I'll tread lightly through this thread... but my understanding is that so long as the weight/mass does not increase, the larger wheel will not degrade performance in a measurable way. So if the stock steel wheels are swapped for larger yet lighter wheels the end result should be negligable. Or you could get some 13" alloys and make that car rock with all the extra power!

 

Ok then, If it has been proven that acceleration is'nt considerably affected, how about braking distances??

 

Lavabox, great analysis! Glad to see that there are folks here who actually think about how things work!

I'd say that the effect of the wheel mass is closer to 1X than 2X. since the moment of inertia of 1 kg of mass about the wheel axis is exactly the same as the moment of intertial of 1KG of body mass about the instantaneous pivot of the tire/ground interface. The radii are the same, so the moments of inertia are the same as well.

Unless you markedly change the rolling radius of the wheel, there will be little effect on acceleration or braking. However, going to wheels that would require body modifications implies that the rolling radius will be changed. If somebody's bucks-up enough to handle the extensive body mods, a brake and final drive change won't distress that person too much.

 

Oh yeah. First off if you want to disagree with someone's post, then disagree and post up some facts to back your statement up. There is no reason to make fun of his spelling or anything else for that matter. Normally I would watch and laugh, but he happens to be joining my club, so I decided to step in and put my 2 cents in.

First, you posted "spelling" and pointed out all of his mistakes, why? I don't know, maybe you're insecure or something. BUT "it which" is NOT a spelling mistake, it is a grammar mistake, he didn't spell either word, he just used them wrong. So before you go into trying to sound like a Rhodes Scholar with everyone, check yourself.

Second, almost his entire post was pertaining to stopping power when going to a bigger rim. Which is true, when you step up to bigger rims and tires you aren't required to upgrade your brakes, BUT it is a very smart thing to do. He posted 1 sentence in his entire post about acceleration and that caused you to "explain" it with a post that was longer than the Bible. Also, it looked like a cut and paste that you threw together.
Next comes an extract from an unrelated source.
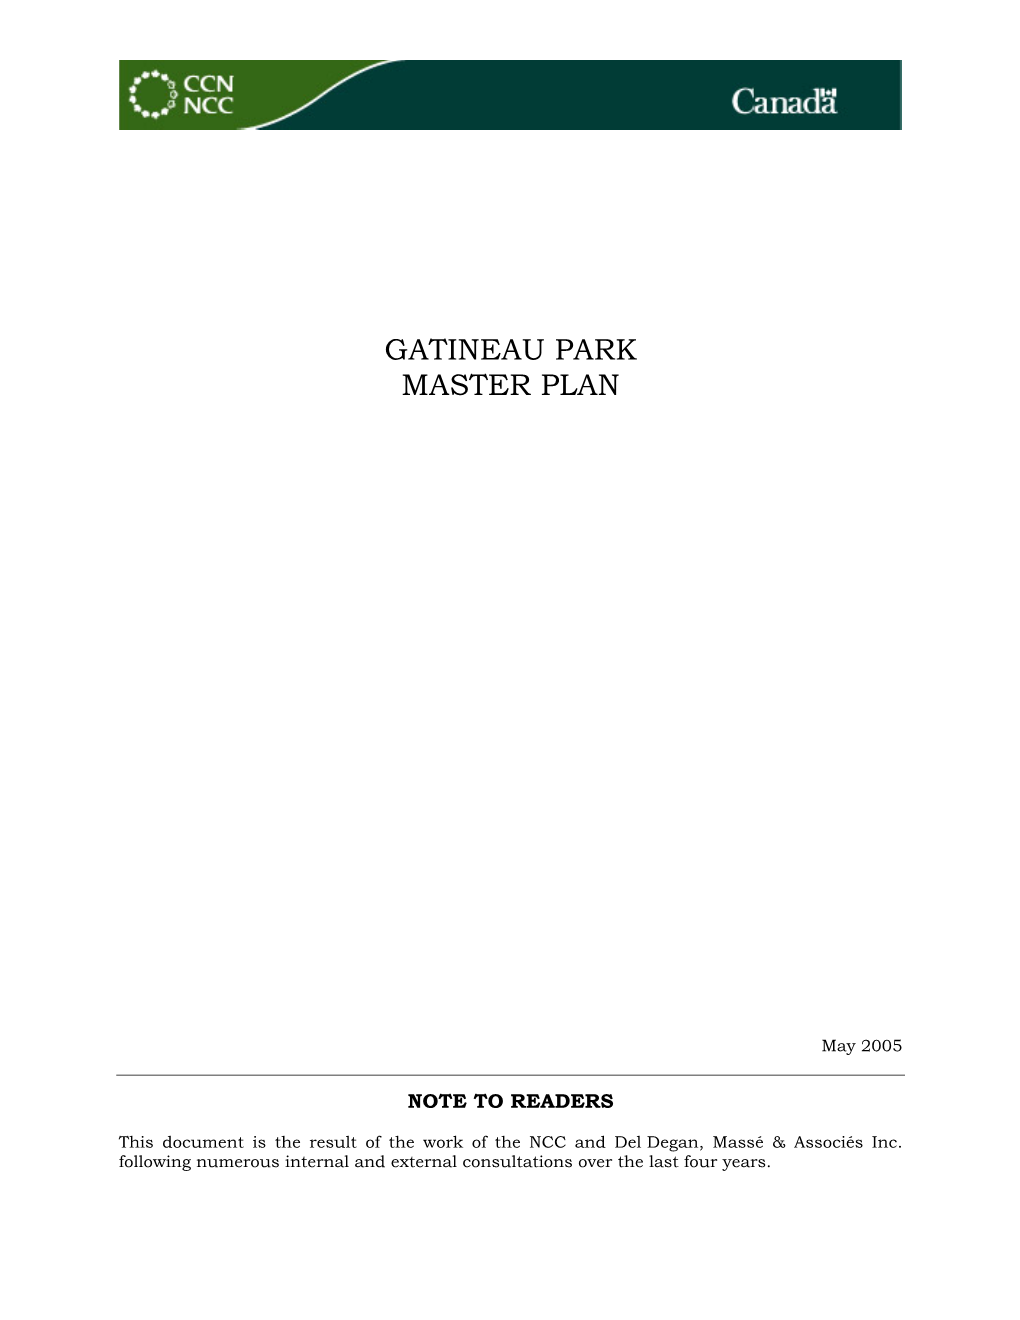 Gatineau Park Master Plan

Third, sales people will make a suggestion on brakes when someone buys larger rims and tires. Sure they get more money, but as I said before it is a valid point. They don't pull this ____ out of the air, maybe if you went in somewhere and bought new rims and tires and they suggested adding a new seat cover or an air freshener, then you would have a point. When going with bigger rims and tires you almost always gain added weight, added weight spinning around is harder to stop with the same brakes on a car. Upgrading brakes with larger/heavier rims and tires is a universal rule, everyone knows this. When you upgrade your brakes it shortens stopping distance, when you add weight to a vehicle or to the wheels it lengthens stopping distance. By upgrading you are balancing out the equation.
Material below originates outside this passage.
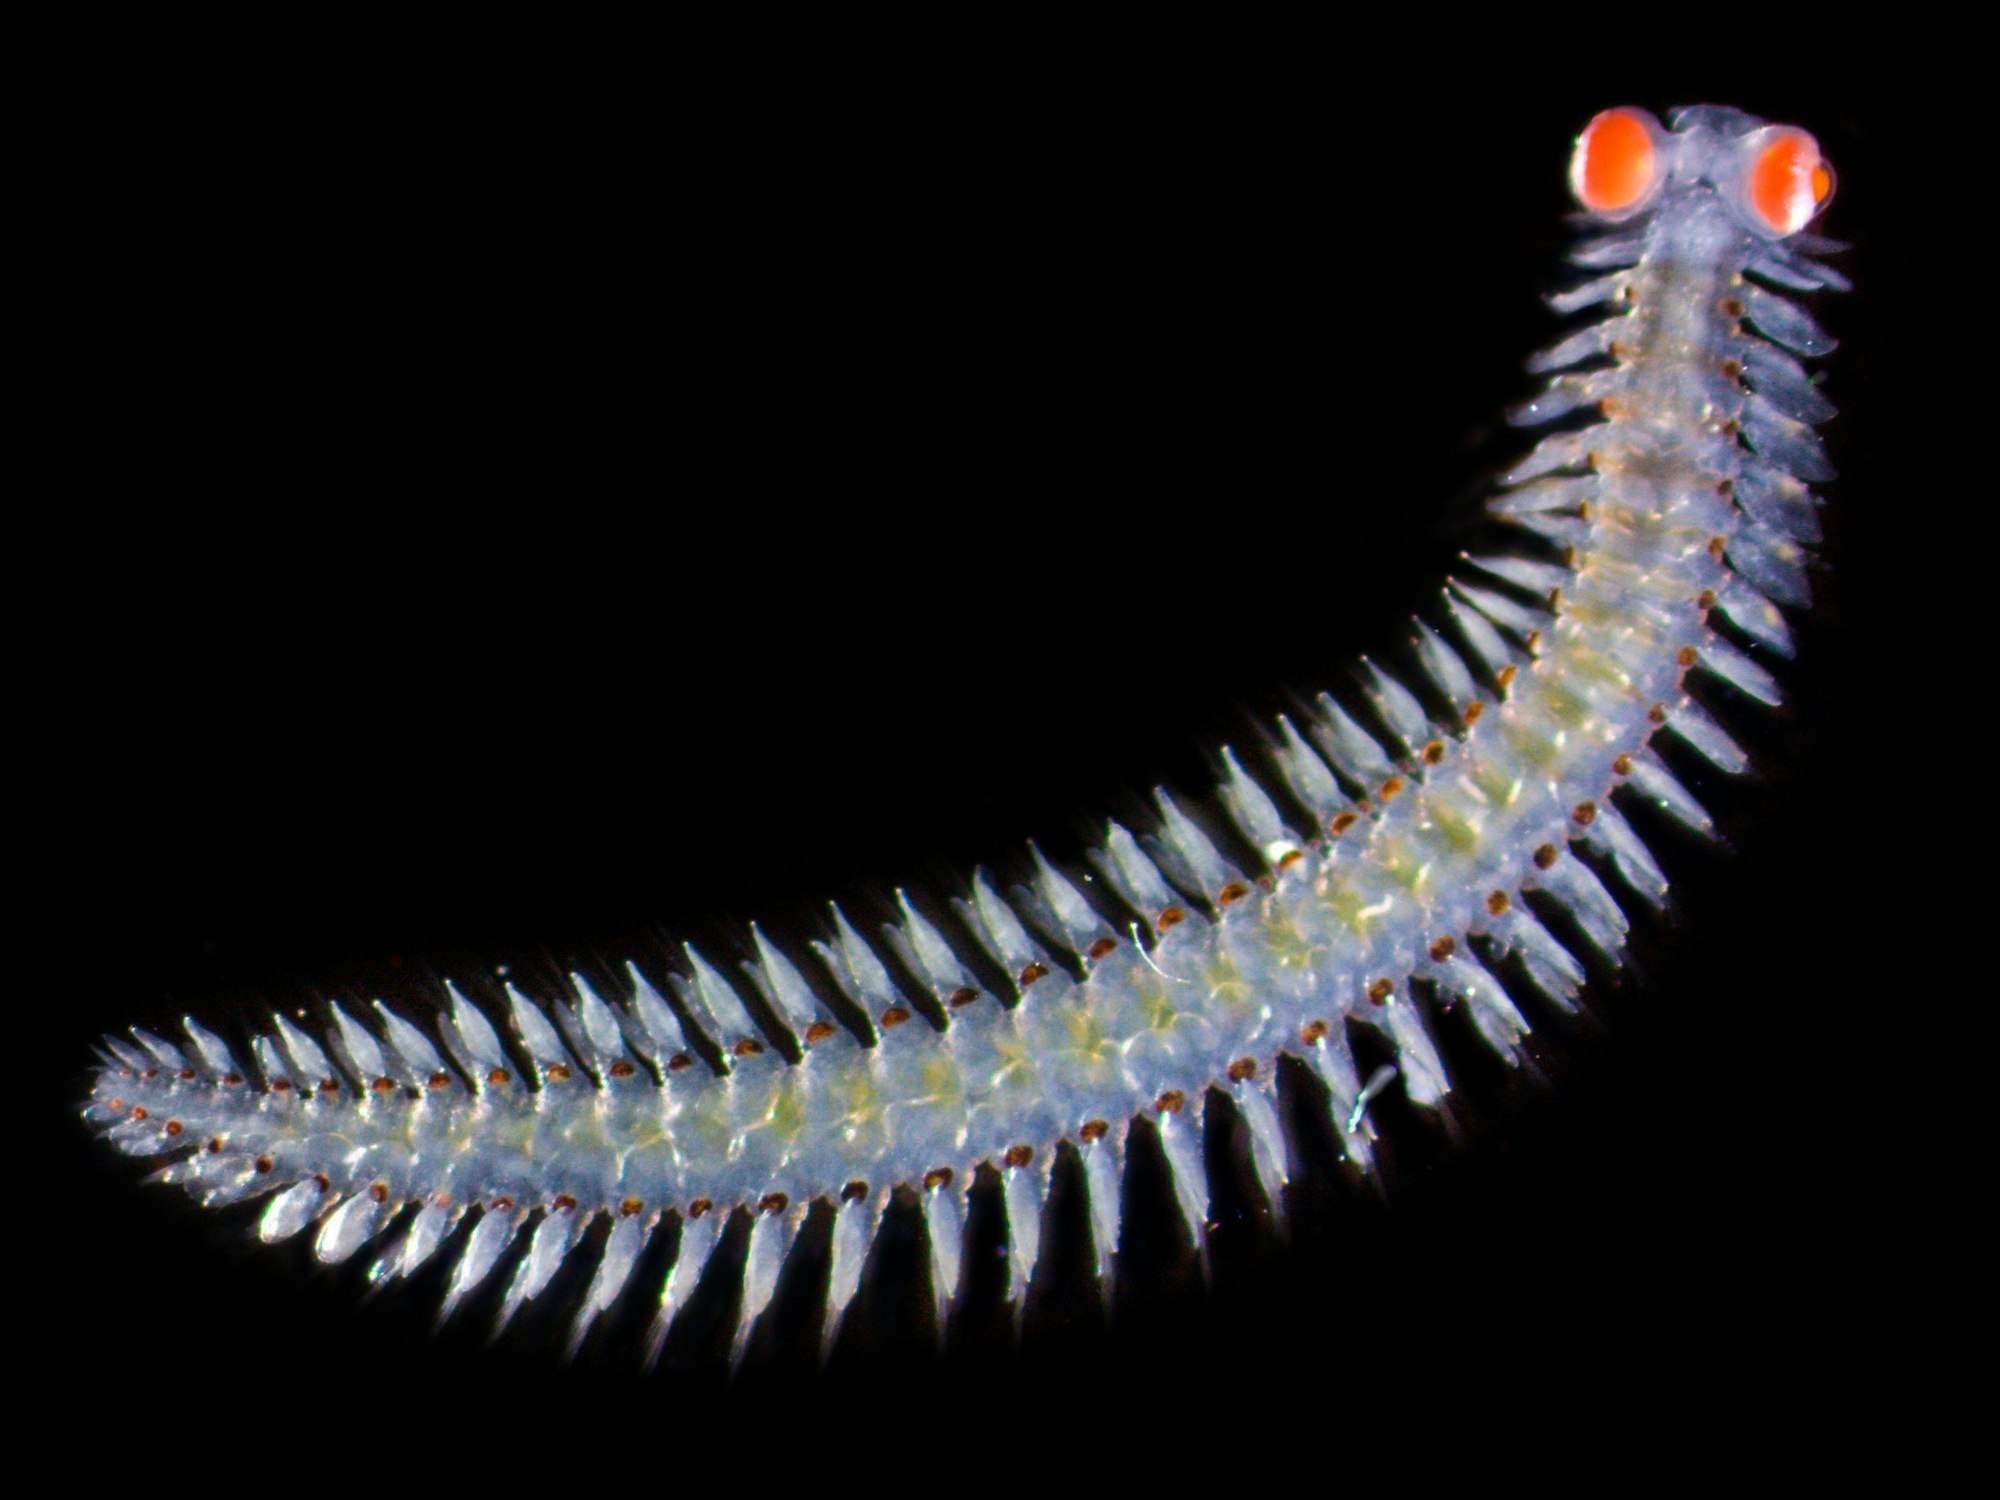 Diese Meereswürmer haben im Vergleich zu ihrer Körpergröße extrem große Augen. Ob die Würmer damit eher nach Beute oder nach möglichen Partnern Ausschau halten, ist aber bisher noch unklar.

Fourth, I'm glad to see you have a groupie, maybe you 2 can talk math.

Peace,

-Z

 

I've seen an xB with 20' rims on it and as cool as it looked, I really would'nt see anyone actually driving it on the road. But it looked cool non-the-less.

 

E=mc^2

There!

 

A stock wheel weights about 17.5 ibs, now you can compair the weight to your aftermarket wheels... When I was switching from wheel to wheel, and i can definately tell a difference in acceleration from a stock wheel to a cast wheel to a forged wheel. I also know big brakes on a scion kills the acceleration. Talk to anyone with a big brake set up on their scion, i can assure you that they will tell you there is a difference in acceleration but does help in braking.